Do you know what ph it is? (some say neutral but arnt) and does that ph value change when put thru a hot pressure washer at 60degrees?


----------



## alan_mcc (Oct 28, 2008)

It says 'PH Neutral', thats all I know, I do not own a Hot Water PW nor the appropriate equipment to find out PH at specific conditions.

It's a shampoo.


----------



## Guest (Mar 5, 2010)

lol

Yes its a shampoo, but even they at the wrong concentrations can damage trim etc

Some people do use hot PWs (for instance PB) and the ph value can change when used over a certain temp.

Most products are designed to be used with/in cold water, but when used over 60degress they then become caustic.

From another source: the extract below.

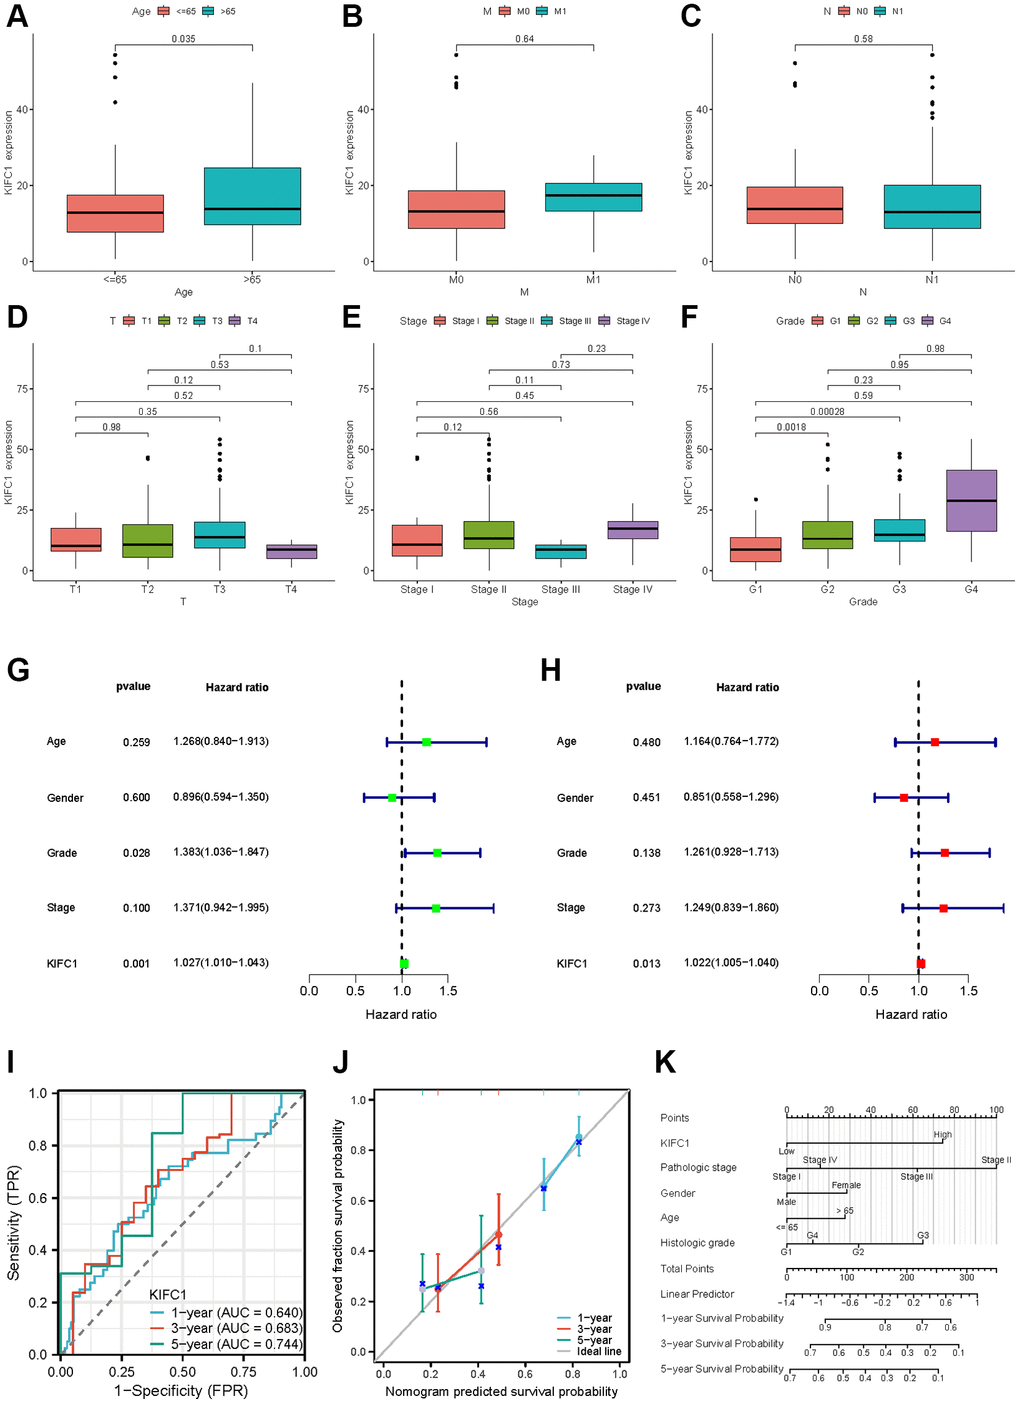 Clinical characteristics of KIFC1 in pancreatic adenocarcinoma. Variation analysis of KIFC1 expression in different Ages (A), M stage (B), N stage (C), T stage (D), pathological stages (E), and histologic grade (F). (G, H) The prognostic significance of KIFC1 in pancreatic cancer was analyzed by univariate and multivariate Cox analysis. (I) Prognostic evaluation efficacy of KIFC1 in pancreatic cancer by ROC. (J) Calibration curve for evaluating the accuracy. (K) A nomogram based on KIFC1 expression and Pathological stage, Gender, Age, and Histologic grade. Ns: p ≥0.05; *p **p ***p ****p

Just trying to get a list together of ph neutral products :thumb:


----------



## alan_mcc (Oct 28, 2008)

In many shampoos instruction it says to use in a bucket of warm water.


----------



## RaceGlazer (Jan 10, 2007)

Race Glaze Aqua Bathe is ph neutral


----------



## Guest (Mar 5, 2010)

Thanks Mark, any other products that you do that are ph neutral?


----------



## nicp2007 (Apr 25, 2007)

valet pro ph nutural snow foam,

just a guess from the name :thumb:


----------



## neil b (Aug 30, 2006)

Be surprise to find that not all shampoos etc are ph7 some are up at 9 and some wheel cleaners are down at below ph2,portable ph meter comes in very handy :thumb:


----------



## sanchez89 (Feb 14, 2009)

i just use universal indicator strips to test. very quick and easy. i got 60 strips for about £1.50 off fleabay.


----------



## Rich @ PB (Oct 26, 2005)

The pH of evey single shampoo, foaming agent, wheel cleaner and general purpose cleaner we sell is quoted in our store (see specification tab on product pages). We make a point of testing the values ourselves as some manufacturers tell porkies.


----------



## Guest (Mar 6, 2010)

WX51 TXR said:


> The pH of evey single shampoo, foaming agent, wheel cleaner and general purpose cleaner we sell is quoted in our store (see specification tab on product pages). We make a point of testing the values ourselves as some manufacturers tell porkies.


Do you test them neat and diluted?

ALOT of companies dont even know the ph of the products they are sellings.


----------



## stefaulkner (Nov 18, 2009)

Autosmart COSHH data sheets are freely available to view on their website. Just had a quick look and all their shampoos appear to be neutral (although Duet is pH 7.5)


----------



## Guest (Mar 6, 2010)

Appear to be yes.

However, was reading a 5L bottle that said ph neutral and on the coshh its reading at 13ph?


----------



## HalfordsShopper (Jul 8, 2008)

I'm not being funny - but why are you bothered about the ph value of products? Does it really make any difference?


----------



## neil b (Aug 30, 2006)

HalfordsShopper said:


> I'm not being funny - but why are you bothered about the ph value of products? Does it really make any difference?


Example for just say you purchased a shampoo and you washed you car with it and after you decided to test the ph on it(neat) and it came to a ph2 then tested a wash bucket with shampoo and water and read ph 3.7 you have just stripped all your protection off your car as that is acidic level and if you had any unprotected stone chips on eg bonnet of your car then there is a risk of it eaten away at the primer then onto bare metal.


----------



## toni (Oct 30, 2005)

PH is just half the story. It all depends on the chemical make-up of the product.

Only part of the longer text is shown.